Based on the Eel-Pond RNAseq workflow protocol here.
If needed, start up a fresh Ubuntu 16.04 instance on Jetstream using the instructions here.
On a Jetstream instance, run the following commands to update the base software:
sudo apt-get update && \
sudo apt-get -y install screen git curl gcc make g++ python-dev unzip \
default-jre pkg-config libncurses5-dev r-base-core r-cran-gplots \
python-matplotlib python-pip python-virtualenv sysstat fastqc \
trimmomatic bowtie samtools blast2 wget bowtie2 openjdk-8-jre \
hmmer ruby
We will use Salmon to quantify expression. Salmon is a new breed of software for quantifying RNAseq reads that is both really fast and takes transcript length into consideration (Patro et al. 2015).
For further reading, see
- Intro blog post: http://robpatro.com/blog/?p=248
- A 2016 blog post evaluating and comparing methods here
- Salmon github repo here
cd
wget https://github.com/COMBINE-lab/salmon/releases/download/v0.8.2/Salmon-0.8.2_linux_x86_64.tar.gz
tar xvfz Salmon-0.8.2_linux_x86_64.tar.gz
export PATH=$PATH:$HOME/Salmon-0.8.2_linux_x86_64/bin
set -u
printf "\nMy trimmed data is in $PROJECT/quality/, and consists of $(ls -1 ${PROJECT}/quality/*.qc.fq.gz | wc -l) files\n\n"
set +u
where set -u should let you know if you have any unset variables, i.e. if the $PROJECT
variable is not defined.
If you see -bash: PROJECT: unbound variable
, then you need to set the $PROJECT variable.
export PROJECT=/mnt/work
and then re-run the printf
code block.
NOTE: if you do not have files, please rerun quality trimming steps here
We can download a full assembly to use for mapping. This assembly was made with all Nematostella vectensis reads, rather than the subset we used in the assembly tutorial.
cd ${PROJECT}
mkdir -p quant
cd quant
curl -O https://s3.amazonaws.com/public.ged.msu.edu/trinity-nematostella-raw.fa.gz
gunzip trinity-nematostella-raw.fa.gz
ln -s trinity-nematostella-raw.fa trinity.nema.full.fasta
Note: if you prefer, you can use the annotated assembly we generated with the read subsets instead
#ln -s ${PROJECT}/annotation/trinity.nema.fasta.dammit/trinity.nema.fasta.dammit.fasta ./trinity.nema.annot.fasta
Build an index for your new transcriptome:
salmon index --index nema --transcripts trinity.nema.annot.fasta --type quasi
Next, link in the QC reads (produced in quality:
ln -s ../quality/*R1*.qc.fq.gz .
ln -s ../quality/*R2*.qc.fq.gz .
Then, run the salmon command:
for R1 in *R1*.qc.fq.gz
do
sample=$(basename $R1 extract.qc.fq.gz)
echo sample is $sample, R1 is $R1
R2=${R1/R1/R2}
echo R2 is $R2
salmon quant -i nema -p 2 -l IU -1 <(gunzip -c $R1) -2 <(gunzip -c $R2) -o ${sample}quant
done
This will create a bunch of directories named something like
0Hour_ATCACG_L002001.quant
, containing a bunch of files.

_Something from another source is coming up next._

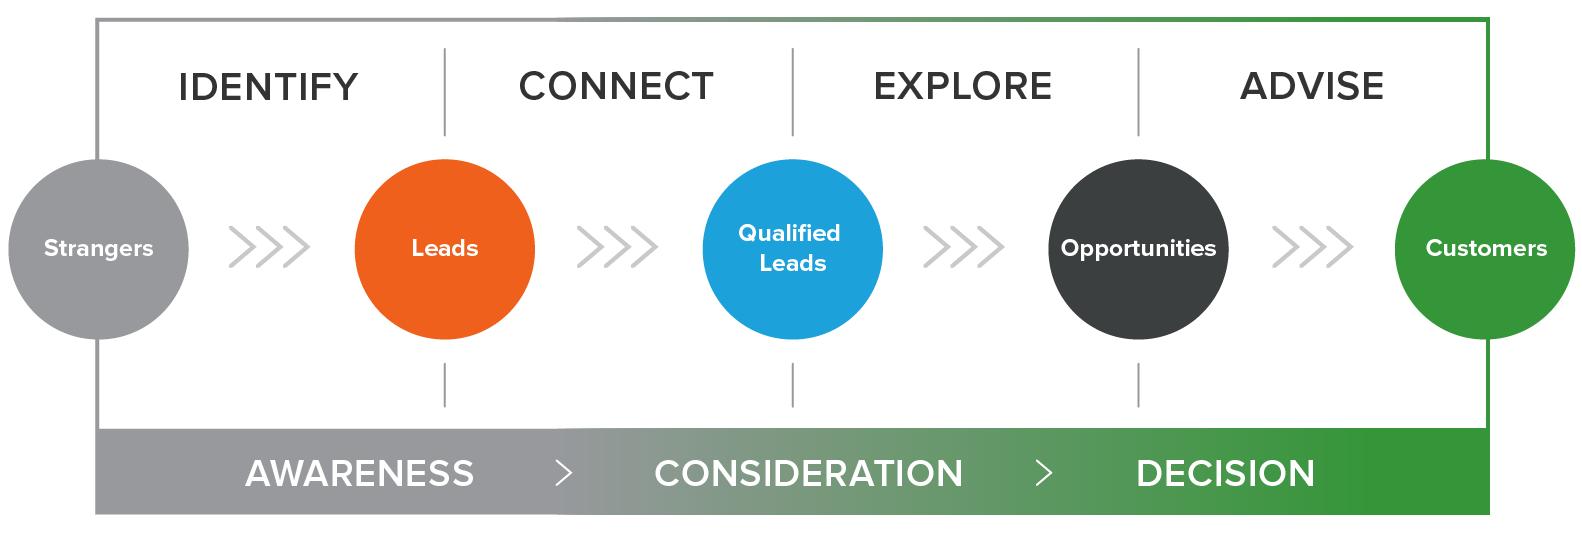 inbound sales methodology diagram

Take a
look at what files there are:
find 0Hour_ATCACG_L002_R1_001* -type f
You should see::
0Hour_ATCACG_L002_R1_001.extract.quant/quant.sf
0Hour_ATCACG_L002_R1_001.extract.quant/aux_info/observed_bias.gz
0Hour_ATCACG_L002_R1_001.extract.quant/aux_info/observed_bias_3p.gz
0Hour_ATCACG_L002_R1_001.extract.quant/aux_info/fld.gz
0Hour_ATCACG_L002_R1_001.extract.quant/aux_info/expected_bias.gz
0Hour_ATCACG_L002_R1_001.extract.quant/aux_info/meta_info.json
0Hour_ATCACG_L002_R1_001.extract.quant/cmd_info.json
0Hour_ATCACG_L002_R1_001.extract.quant/logs/salmon_quant.log
0Hour_ATCACG_L002_R1_001.extract.quant/libParams/flenDist.txt
0Hour_ATCACG_L002_R1_001.extract.quant/lib_format_counts.json
0Hour_ATCACG_L002_R1_001.extract.quant.counts
The two most interesting files are salmon_quant.log
and
quant.sf
. The latter contains the counts; the former contains the
log information from running things.
The quant.sf
files actually contain the relevant information about
expression -- take a look
head -20 0Hour_ATCACG_L002_R1_001.quant/quant.sf
The first column contains the transcript names, and the fifth column is what edgeR etc will want - the "raw counts". However, they're not in a convenient location / format for edgeR to use; let's fix that.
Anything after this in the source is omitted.